Although the I am not currently at the machine , but the new owner, my friend has rung me to tell me he has a problem with the rocket I have sold him this year.

I am just posting up the problem to see if others can shed some more light on the rockets problem .

The boiler is heating correctly with steam at the steam wand and hot water tap.

tHe problem is there is no water coming through to the group head , the lever is working correctly and the pump is running and all the usual sounds , but alas no water at the group .

The dispensation plate as well as the shower screen are spotless and the machine is regularly back flushed.

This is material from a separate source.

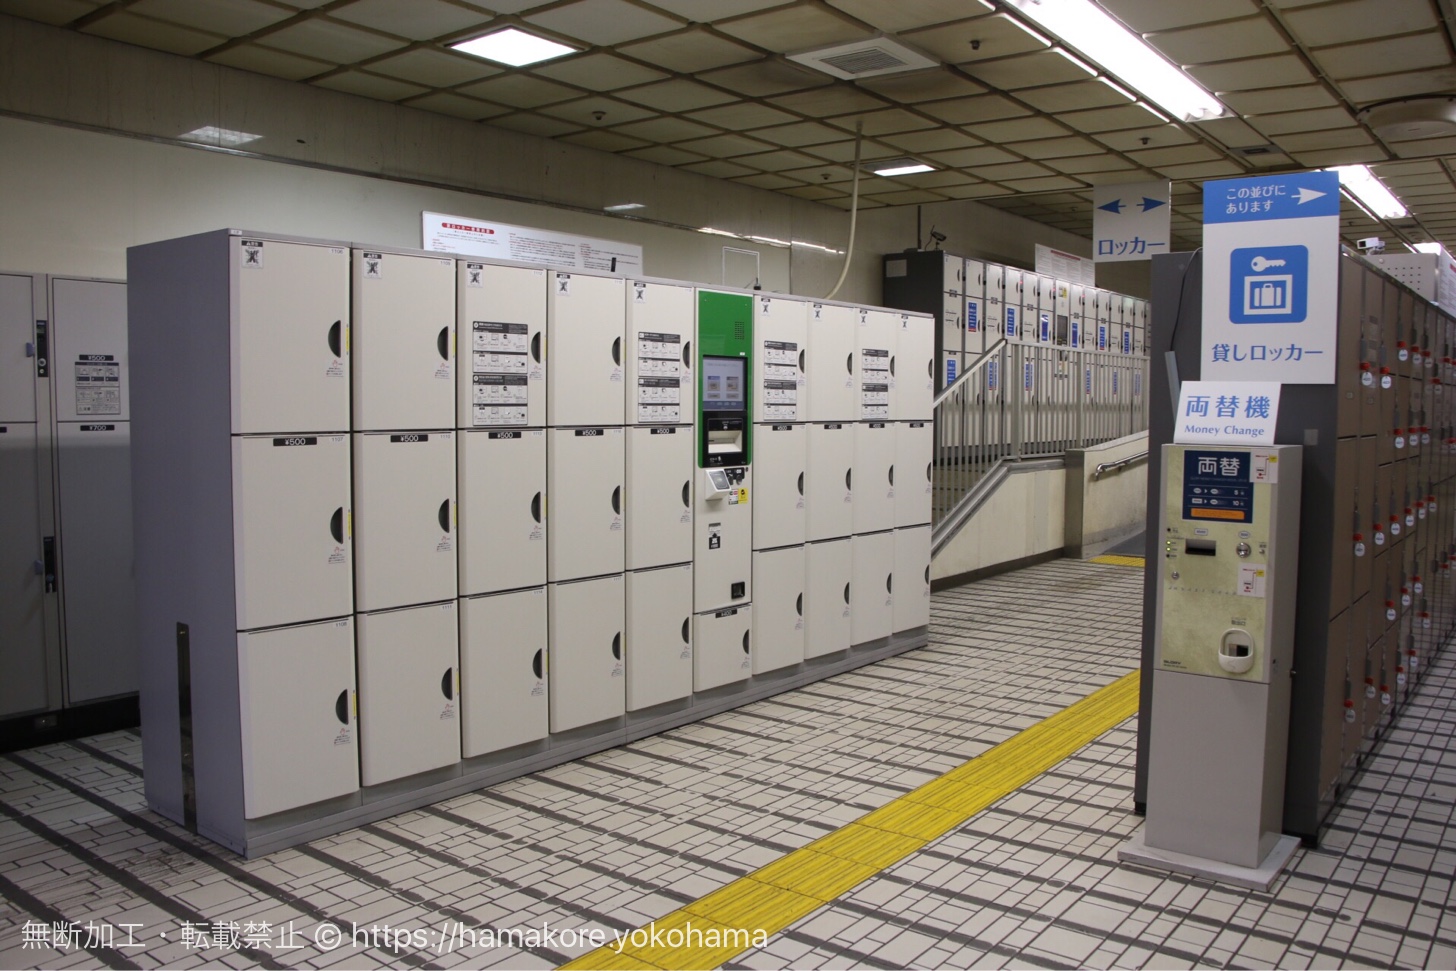 横浜駅最大のコインロッカー設置場所
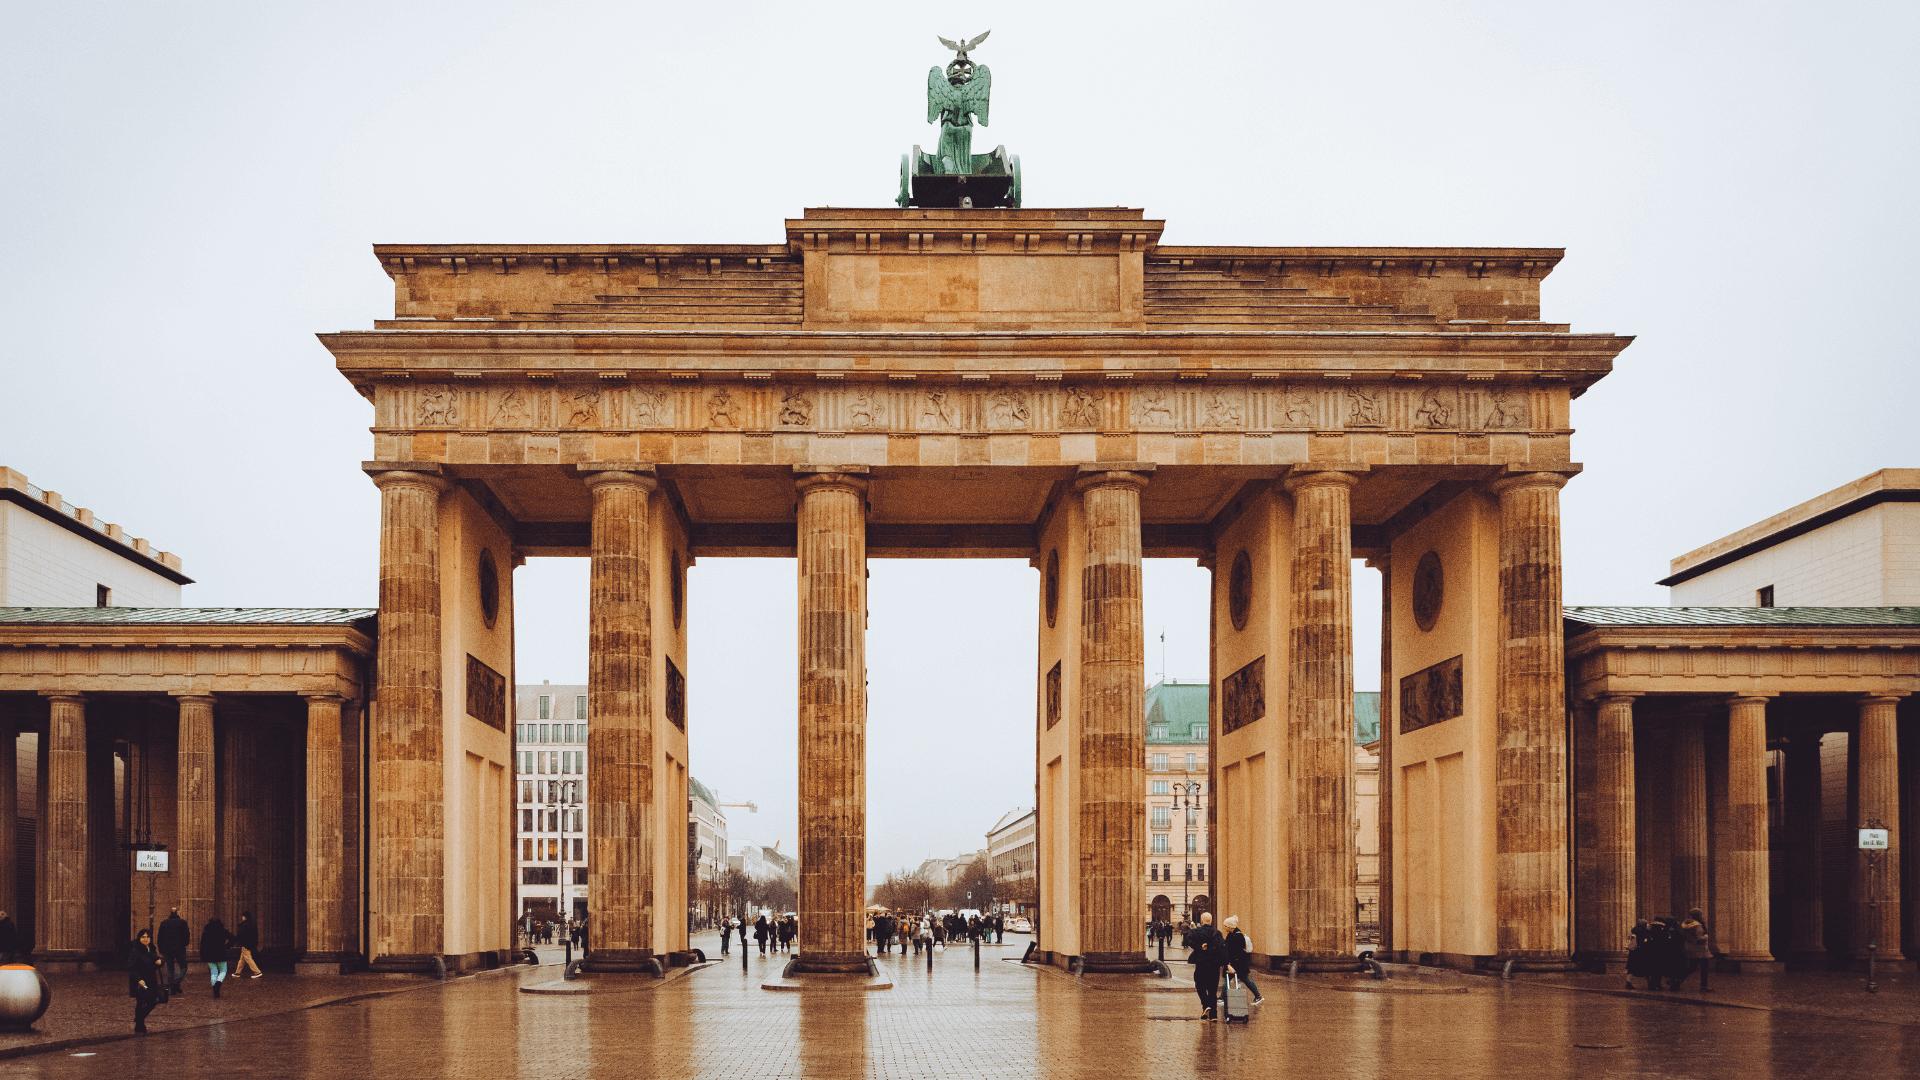 DESTACADA visitando la ciudad de Berlin 2 - RECORRIENDO LA HISTÓRICA CIUDAD DE BERLÍN

Any ideas welcome , and like I said I won't get too see the machine till tomorrow night so I can't really reply or try any suggestions till then , but I will be more than happy with any suggestions of the most likely problem and or pointers of where to start looking .


----------



## 7493

Off the top of my head I'd be looking at the solenoid which directs water to the head. Good luck with it!


----------



## Zephyr

I had the same problem but only with Gaggia Classic. Brew boiler or solenoid was blocked, had to service the boiler and solenoid valve. I guess you simply need to try to descale the machine. If its not that simple, need a service.


----------



## Thecatlinux

Thanks I was already being pointed towards the solenoid


----------



## Thecatlinux

Any more advances on solenoid ?


----------



## Thecatlinux

Strange , machine turned on today and worked no problem s ?????


----------



## 7493

Sticky solenoid?


----------



## Thecatlinux

Yes I am guessing it could be .? At least he's able to get his daily joe for now


----------